13:27 | Lien permanent | Commentaires (9) | Tags : florence cassez, vidéo, crime, mexique, narcotrafic | |  Facebook | | |

Commentaires

mon commentaire précédent est tiré de mes séjours prolongés en Amérique Latine, du Mexique aux frontières du Panama, au Costa Rica.

Écrit par : Oxy316 | 24/01/2013

On n'est pas en Europe, mais en Amérique Latine - les rapports de force politiques évoluent.. au gré des courants
et dire que: "Les juges de la Cour suprême ont donc jeté les bases d’un véritable Etat de droit au Mexique" est méconnaître ce pays. Les juges formés à l'américaine, parlent à la méxicaine. L'Etat de droit existe, et son application est "flexible"... comme ailleurs.

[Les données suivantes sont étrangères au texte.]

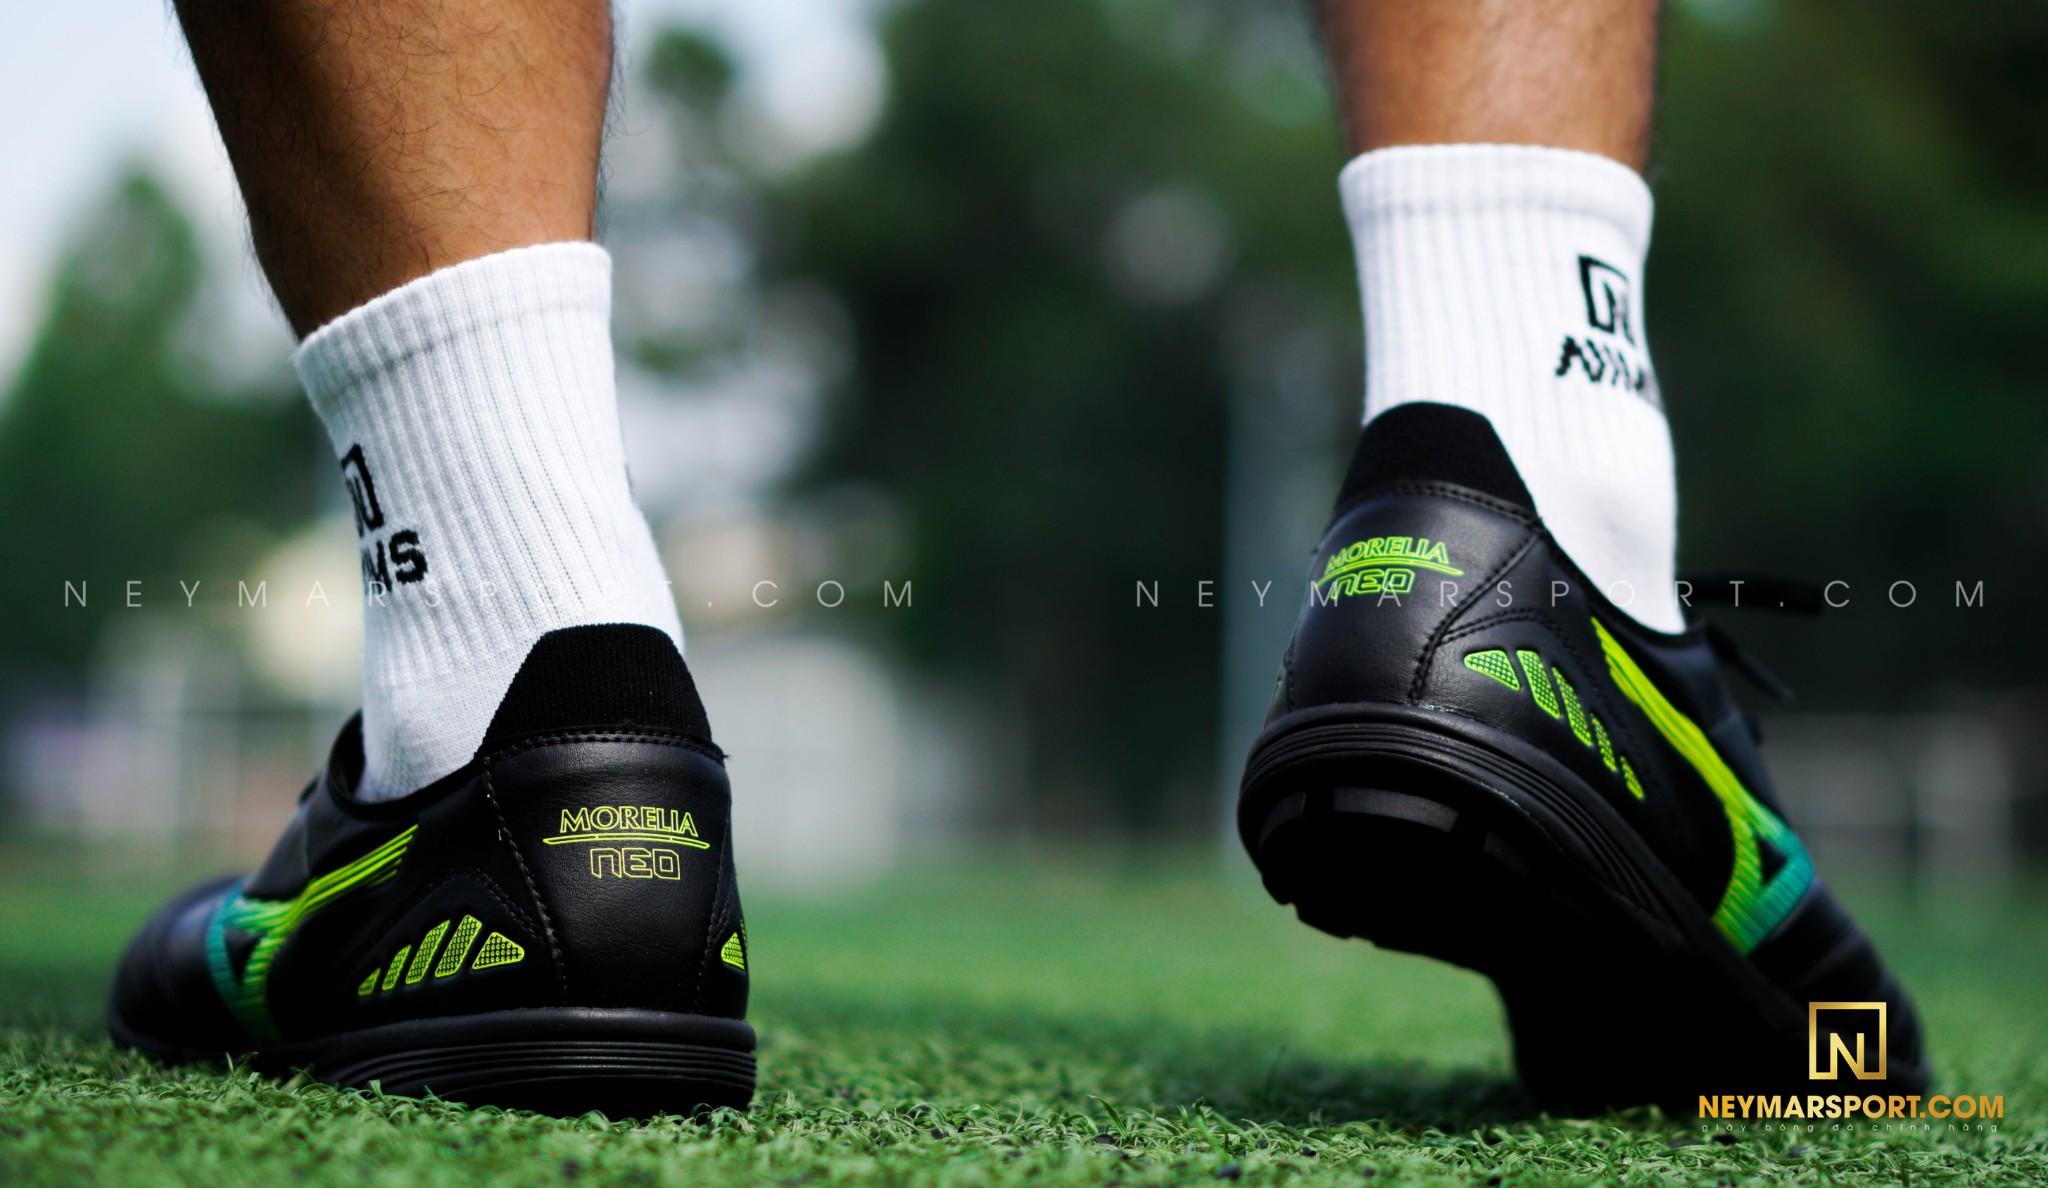 Giày đá bóng Mizuno Morelia Neo III Pro AS TF Black/Blue/Orange

Votre approche & analyse offrent quelques informations sur la situation mexicaine,
mais "informe" sur base d'erreurs typiques de point-de-vue européens méconnaissant l'Amérique Latine, ignorants de la culture d'une part,

d'autre part reprenant le flou artistique d'opinion journalistiques françaises, par trop manipulatrice & jouant du pipeau en continu:
cf les journaux TV canal+, Delon & autres célébrités ayant soutenu "la biche" - donc innocente, donc faut aller dans ce sens-là: manipulation d'opinion typique des médias français!

En ne taclant que le volet politique vue d'Europe, en omettant le terreau populaire, son évolution & impacts sur élections qu'est l'opinion publique mexicaine,
en reprenant les clichés d'opinion de journalistes français, répétant les mêmes erreurs et manipulation d'information:
"Florence Cassez s’est retrouvée embastillée à la prison de Tepapan, au sud de Mexico, à la suite d’un montage organisé par la police avec la complicité de deux chaînes de télévision."

- dire "embastillée" au lieu d'arrêtée, c'est pas de la manip?
- utiliser la mise en scène - aujourd'hui reconnue par les médias, de l'arrestation, et faire oublier que derrière l'arrestation, il y a les charges et la condamnation conduisant à cette arrestation, c'est pas de la manip?

Voir dans la décision de la cour suprême une "Belle leçon de transparence démocratique" relève de l'ignorance euphorique

c'est une opinion insultante pour tout méxicain, dont l'esprit démocratique est ancré dans l'histoire depuis longtemps: si la démocratie est loin d'y être accomplie, elle n'est pas en train de naître! cette décision n'en n'est pas "l'heureux présage", mais opportune pour les juges en besoin d'asseoir une position de dignité des mexicains de 2013 sous influence US.



cette seule approche politique est insuffisante pour traiter cette décision de la cour, qui n'est pas sur le fond de la condamnation de la française mais seulement sur la forme: cette décision aurait pu tomber plus tôt - mais les mexicains ayant leur fierté, semble que Sarkozy a "joué contre son camp" la dernière fois

Assassinats, kidnappings, viols, corruption, chantages et autres moyens de pression utilisés pour assurer l'impunité des narcotrafiquants, actes dont certains pour lesquels le frère du compagnon et le compagnon de F Cassez ont été arrêtés et condamnés.
L'autre aspect qui pèse sur l'opinion publique mexicaine, c'est le fait divers: l'histoire plutôt fréquente en A. latine, de jeunes mais séduisantes étrangères vivant aux crochets de machos (caïds) du coin. Pour les mexicains, la complicité va de fait avec cette situation de concubinage. F Cassez, partie sans bagages du nord de la France retrouver son frère et restant au Mexique pour la vie facile auprès d'un caïd, vivant de ses moyens "mal acquis" mais prétendant n'avoir ni participé ni rien su des activités de son compagnon et du frère de celui-ci, n'est, pour les mexicains, juste pas crédible bien au contraire, dans ce rôle d'innocente colombe que les photos retouchées du visage derrière les barreaux et les célébrités françaises veulent faire croire.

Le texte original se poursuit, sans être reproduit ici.